Les compagnies Royal Air Maroc, Transavia et Air Arabia desservent régulièrement l’aéroport de Dakhla.

Certains bons guides sont capables de proposer de bonnes prestations à des prix très attractifs. Cela comprend généralement le transport sur place, l’hébergement en ville ou en bivouacs sur les lieux de pêche, la nourriture et les boissons, les appâts et éventuellement le prêt de matériel. Des conditions rustiques bien sûr, mais nous sommes là dans les meilleurs endroits et dans les meilleures conditions de pêche.

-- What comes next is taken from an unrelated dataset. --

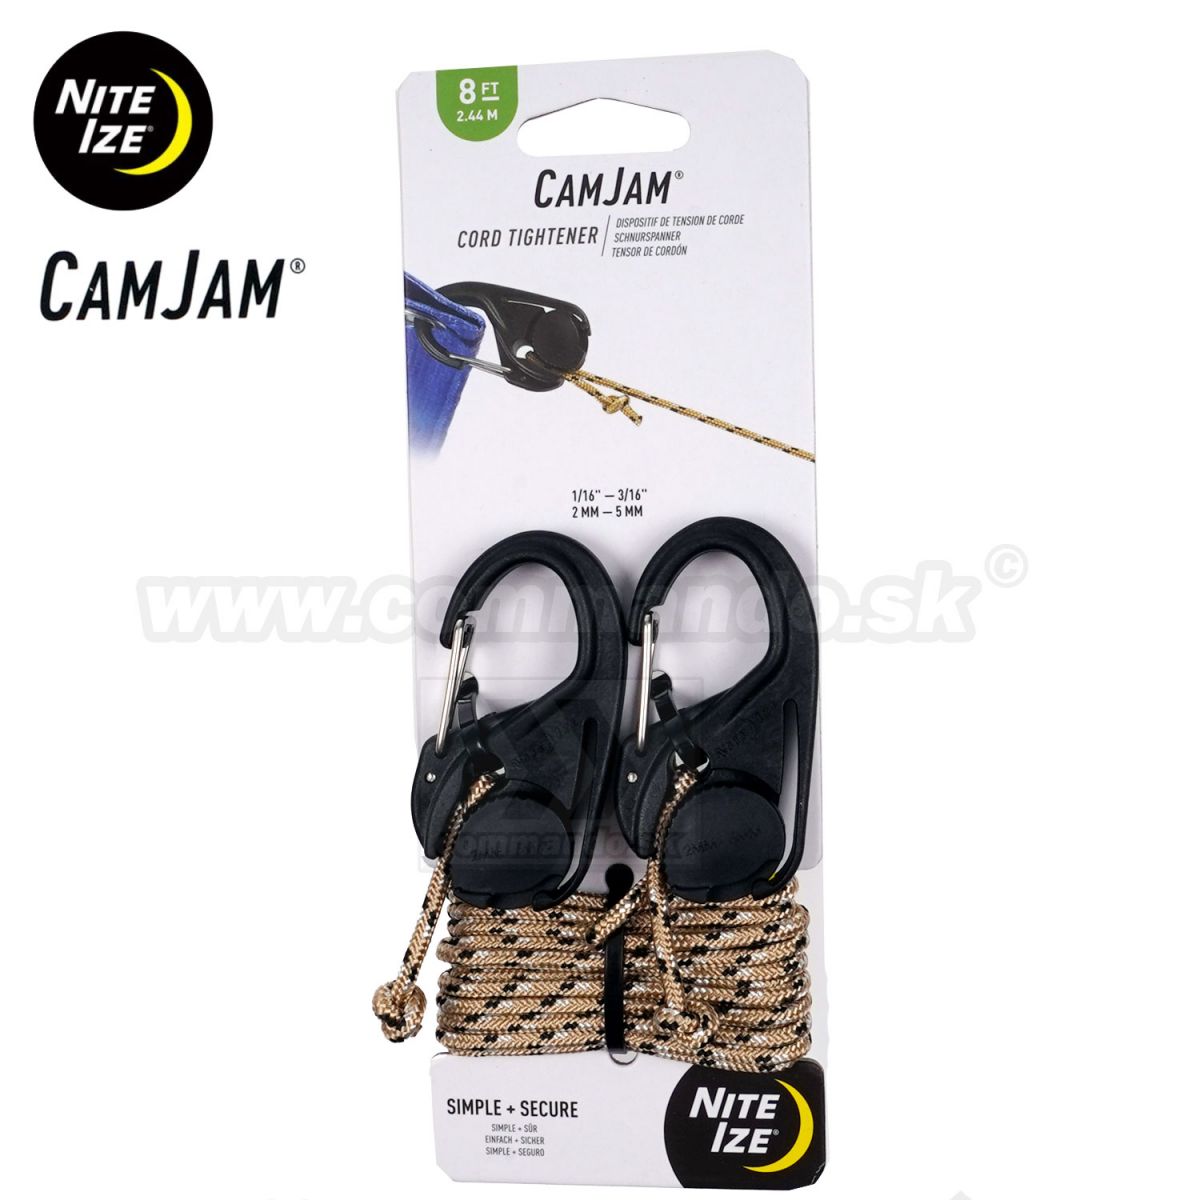 CamJam® 2ks Cord Tightener Nite Ize® NCJ-25-2R3

À Dakhla, la plupart des dépanneurs sont assez bien approvisionnés en articles de pêche de base et il y a quelques magasins d’articles de pêche. Inutile également de vous surcharger avec du matériel trop souvent inadapté aux conditions locales. Un équipement le plus léger possible permet une plus grande mobilité sur les lieux de pêche et demande moins d’effort lorsqu’il faut crapahuter dans le sable ou escalader les rochers, le sac alourdi par plusieurs kilos de poissons.

Condition physique

En revanche, un matériel solide et fiable est indispensable pour supporter les nombreux transports et éviter toute surprise : des cannes suffisamment solides (100-250 gr minimum), des moulinets impeccables, avec des bobines de rechange. Évitez d’utiliser des fils trop épais : l’utilisation de fil fin ou de tresse décuple le plaisir du toucher et du combat, et permet d’allonger la distance des lancers. Prévoir des émerillons solides pour ralentir la torsion de la ligne et renforcer les conducteurs qui seront courts (40 à 60 cm) et en fluorocarbone de 40/100 à 60/100.